BRIEF:
The listing is to be repeated exactly, and its pictures are to be left out.

(AVAILABLE DATA Opens)

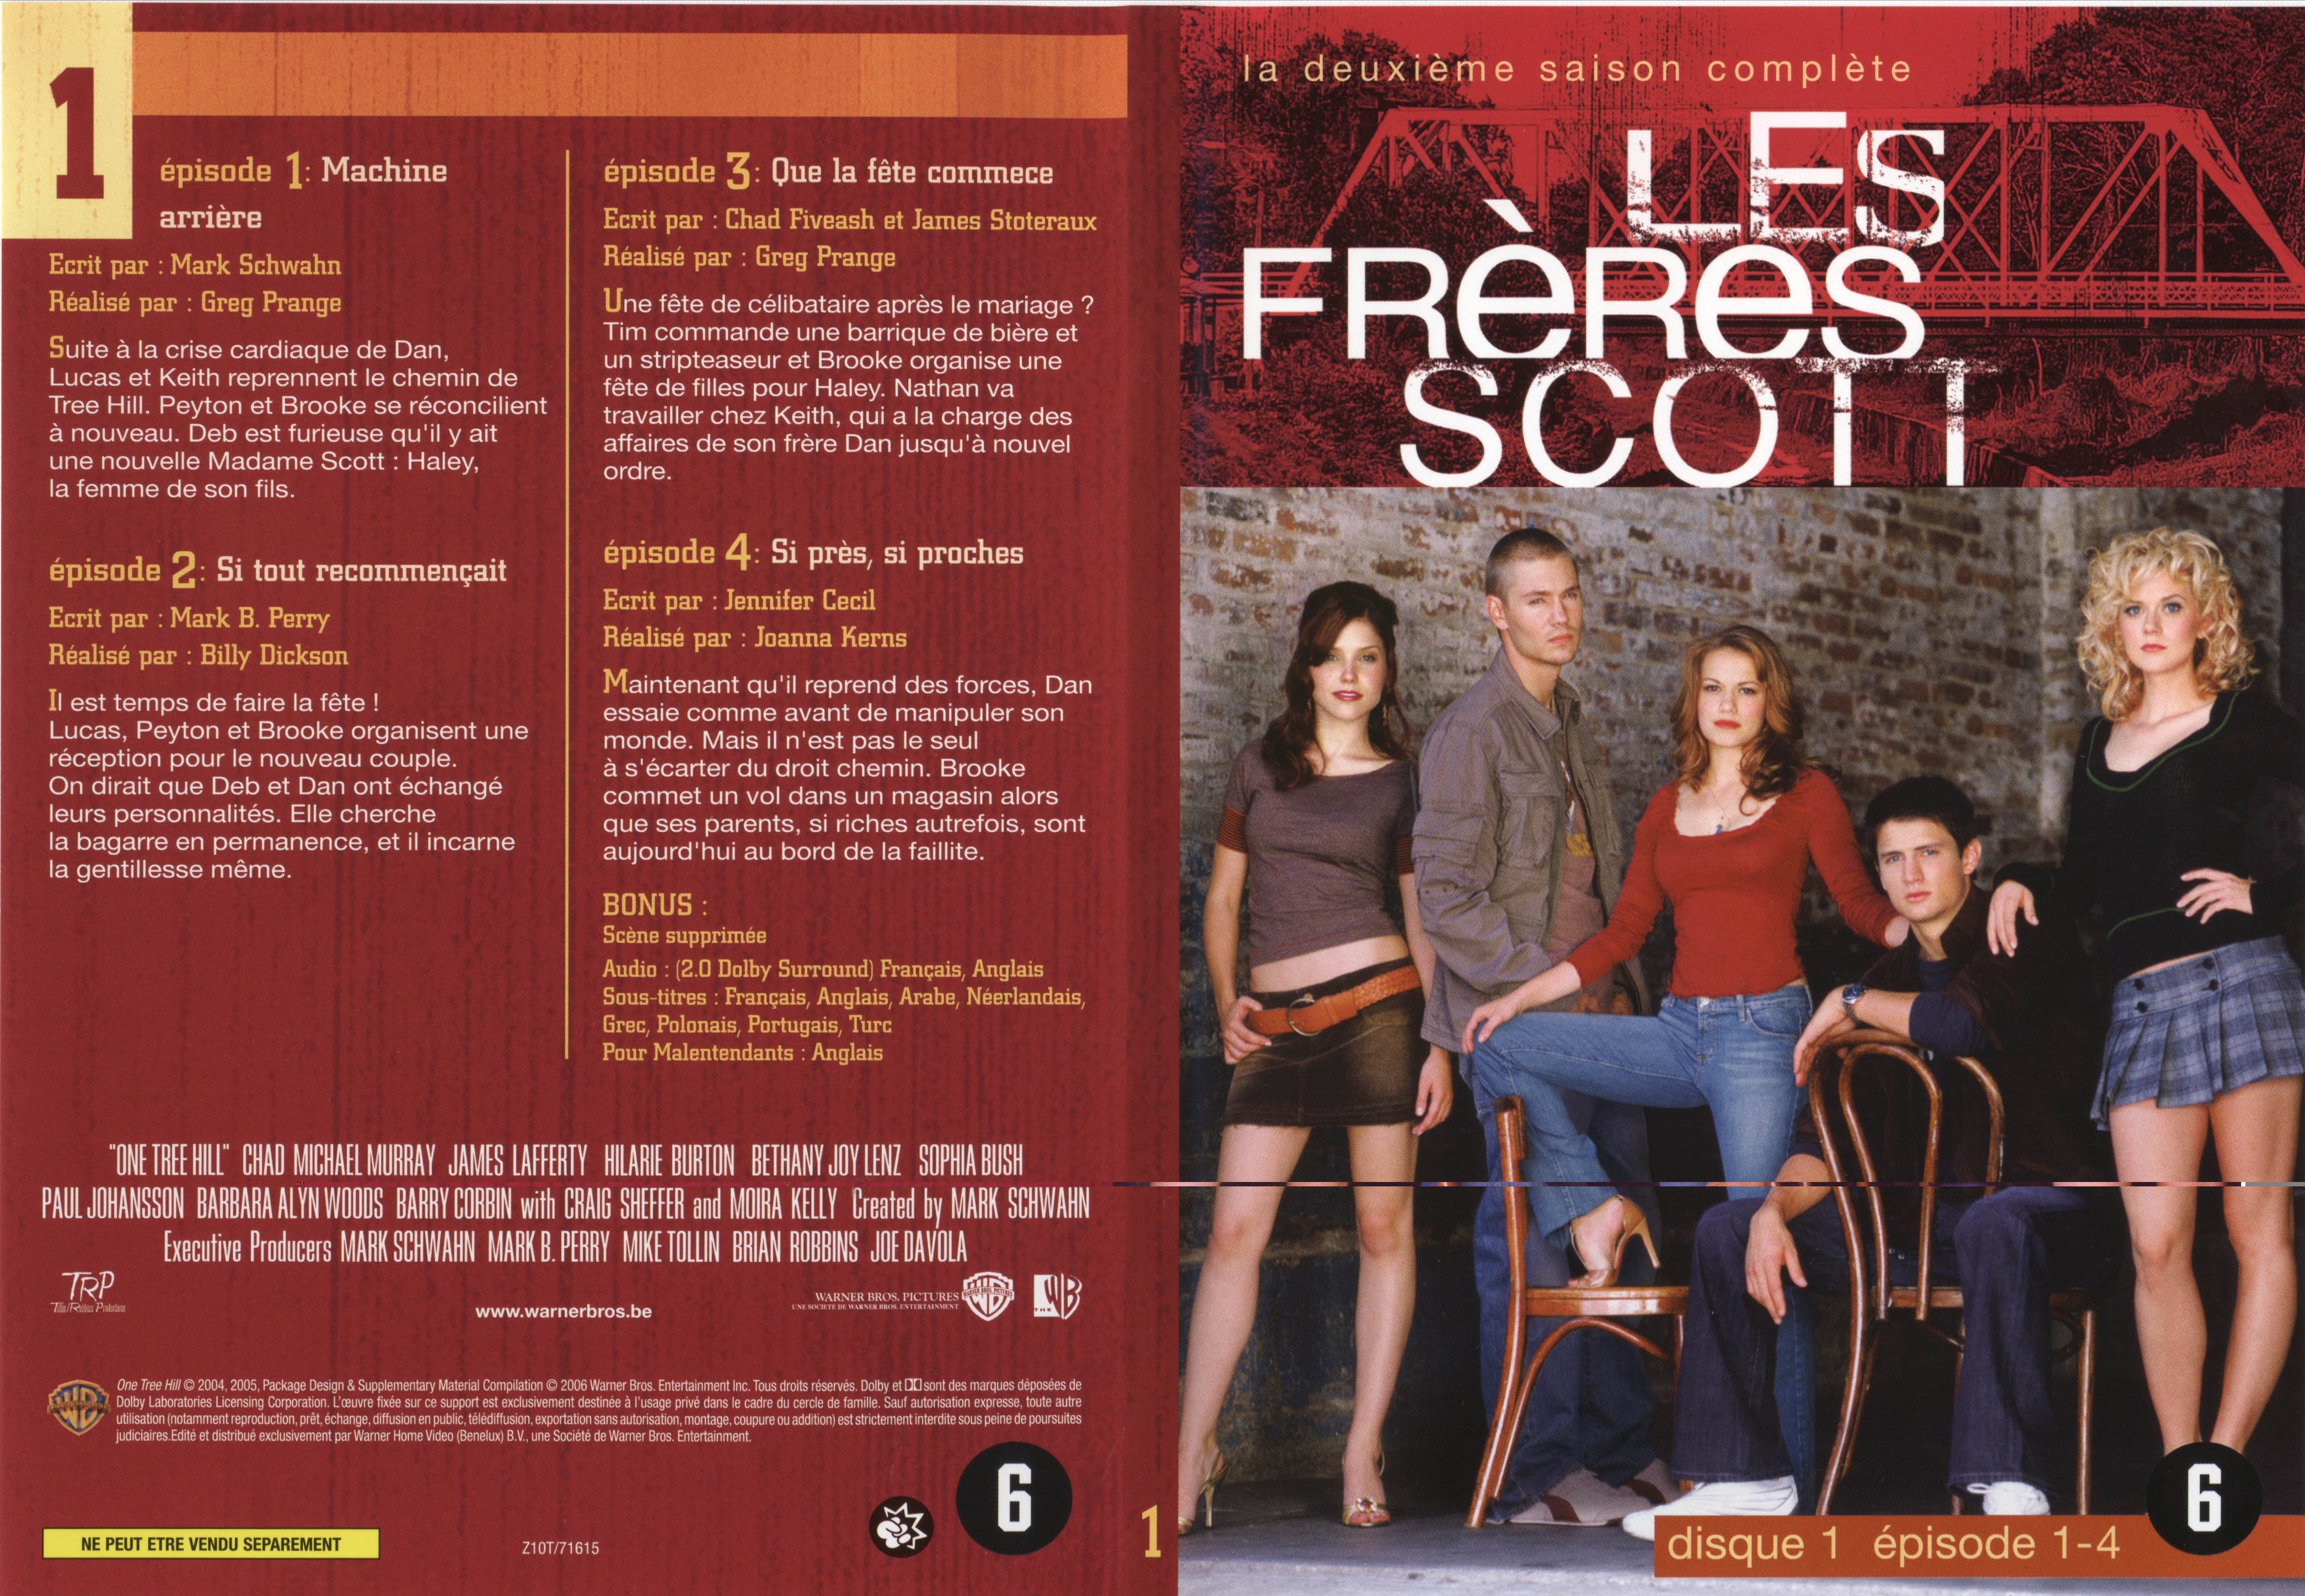 Jaquette DVD Les frres Scott Saison 2 dvd 1
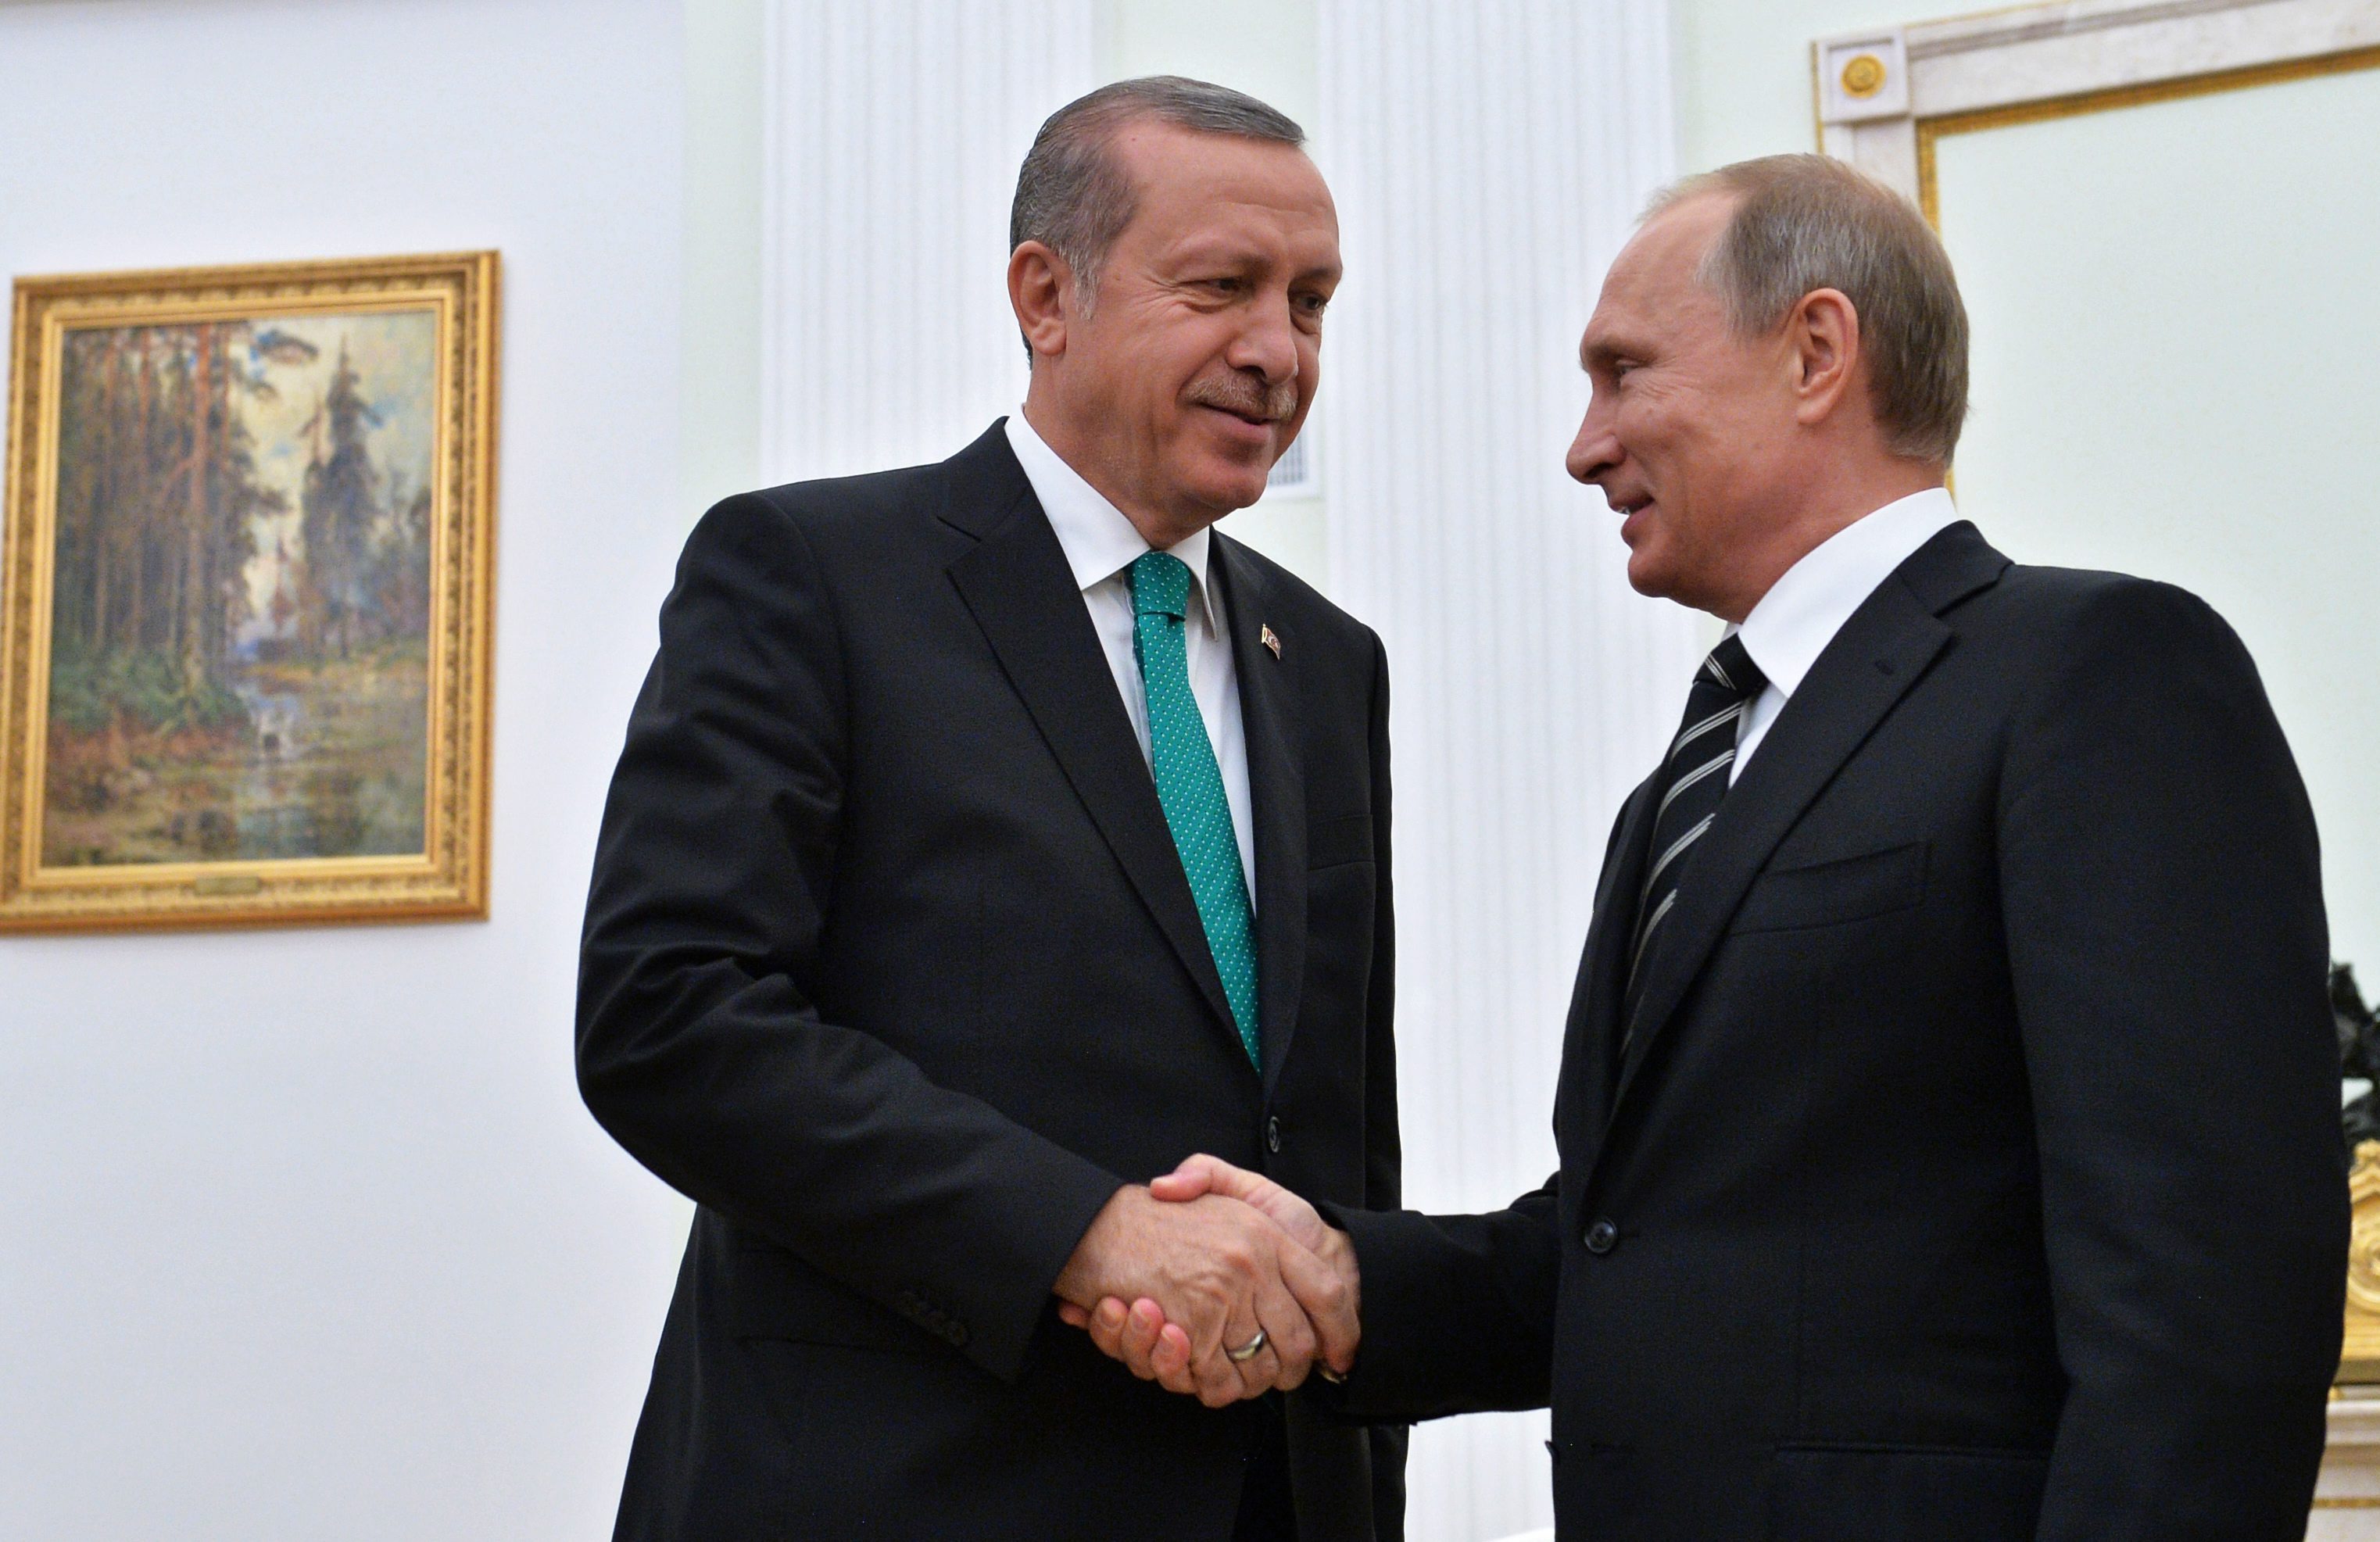 Ο Πούτιν συνεχάρη τον Ερντογάν για τη νίκη του στο δημοψήφισμα
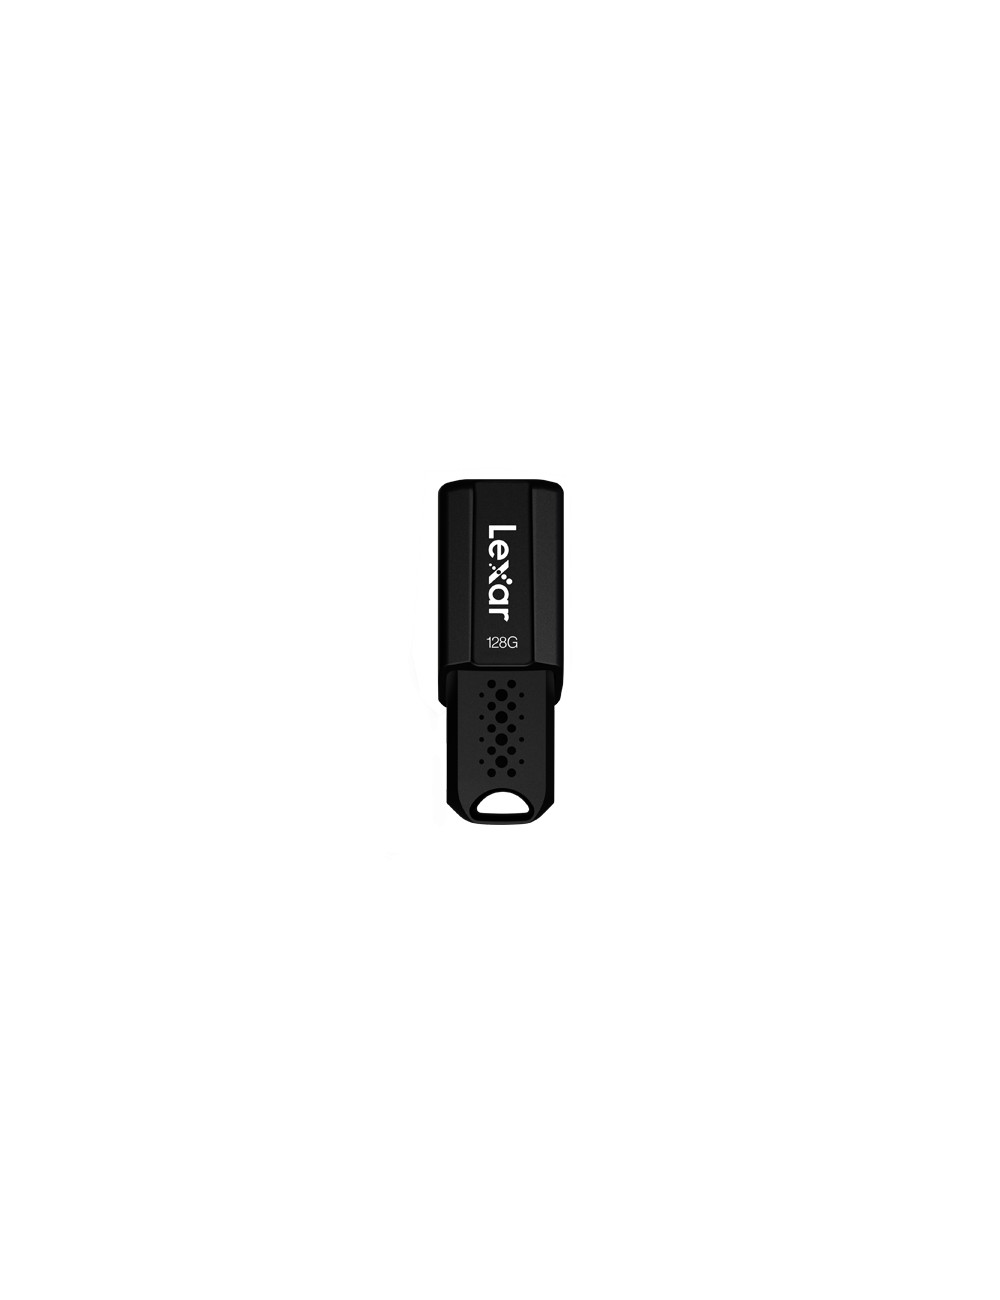 Lexar | Flash drive | JumpDrive S80 | 128 GB | USB 3.1 | Black

(AVAILABLE DATA Closes)

WORKED SOLUTION:
 Jaquette DVD Les frres Scott Saison 2 dvd 1
 Ο Πούτιν συνεχάρη τον Ερντογάν για τη νίκη του στο δημοψήφισμα
 Lexar | Flash drive | JumpDrive S80 | 128 GB | USB 3.1 | Black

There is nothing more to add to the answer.